TASK TO CARRY OUT =>
Using the data below, restate exactly every line from the one with "Sims 4 Maison" up to and including the one with "Vintage Chicago Bears". No picture belongs in it.

DATA SUPPLIED =>
= = =

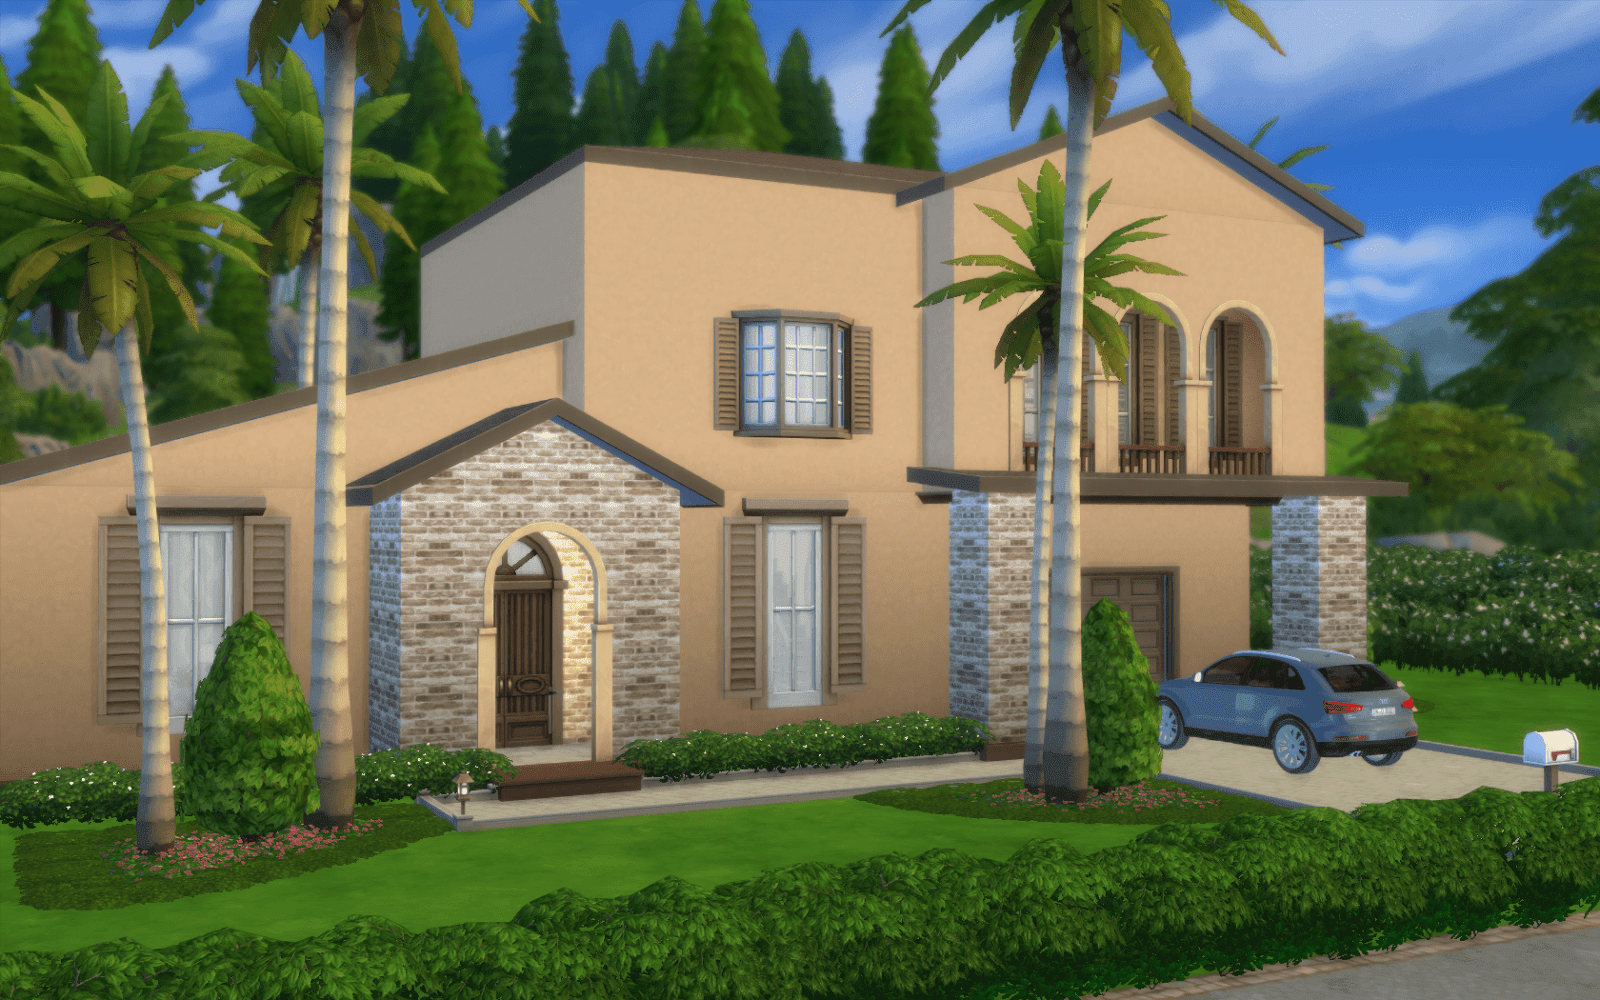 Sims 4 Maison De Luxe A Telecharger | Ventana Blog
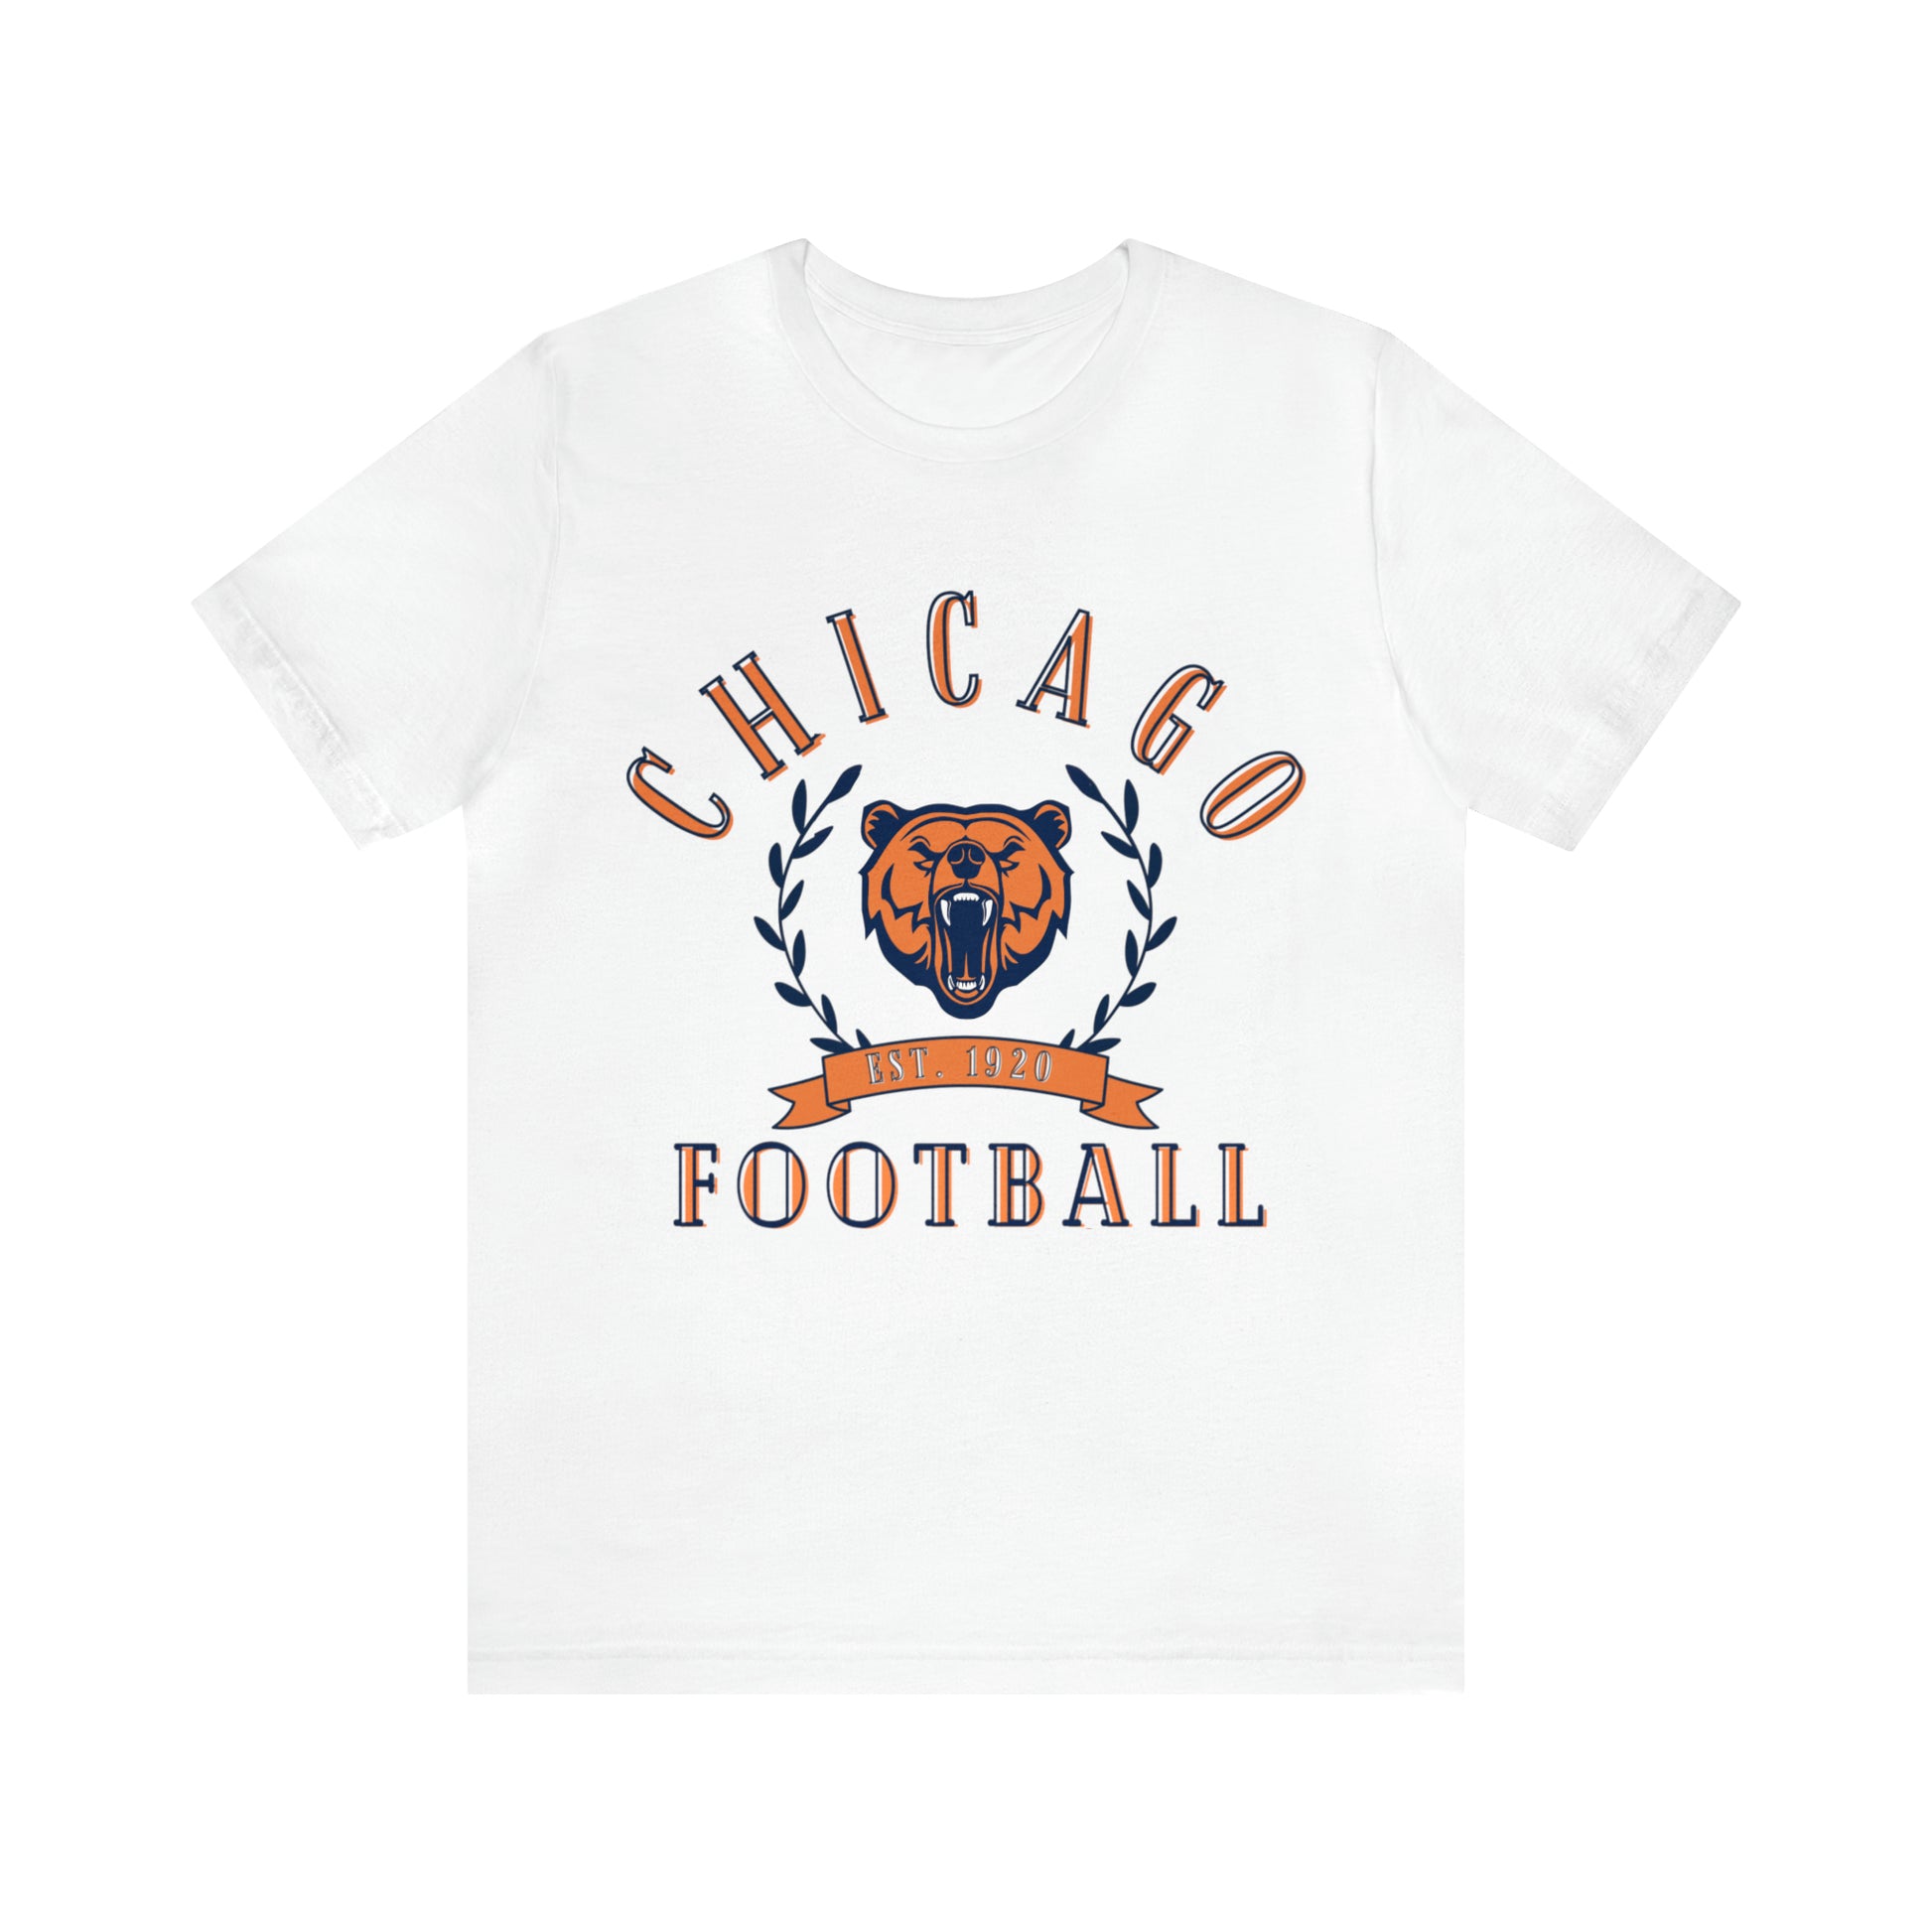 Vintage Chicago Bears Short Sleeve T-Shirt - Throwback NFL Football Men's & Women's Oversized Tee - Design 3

= = =

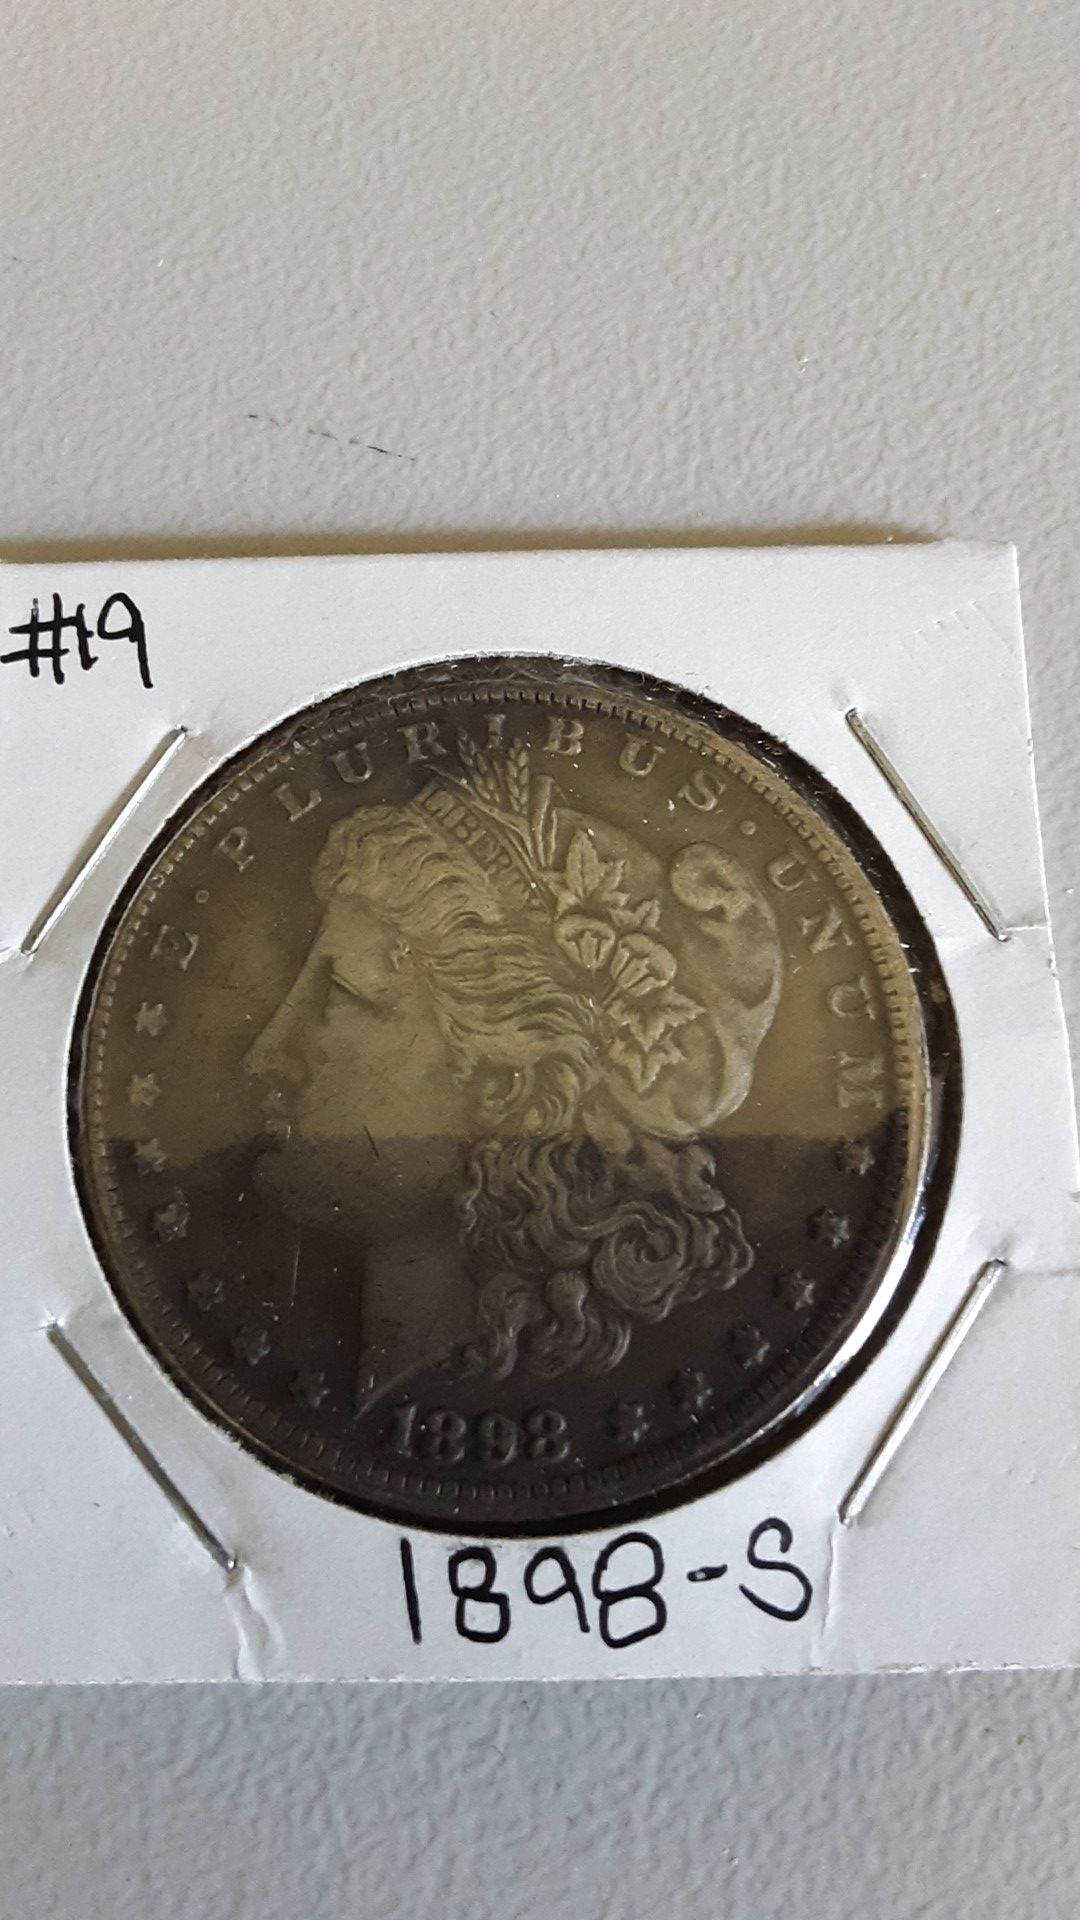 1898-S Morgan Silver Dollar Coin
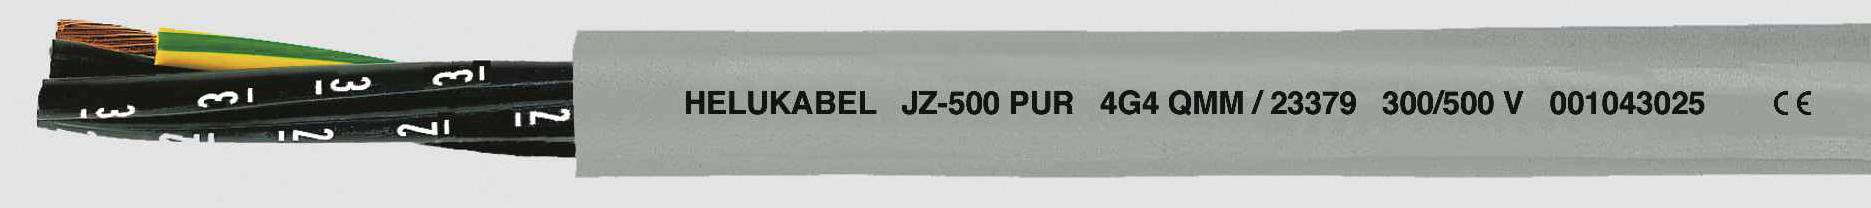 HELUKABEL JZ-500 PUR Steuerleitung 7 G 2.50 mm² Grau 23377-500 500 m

= = =

RESPONSE =>
 Sims 4 Maison De Luxe A Telecharger | Ventana Blog
 Vintage Chicago Bears Short Sleeve T-Shirt - Throwback NFL Football Men's & Women's Oversized Tee - Design 3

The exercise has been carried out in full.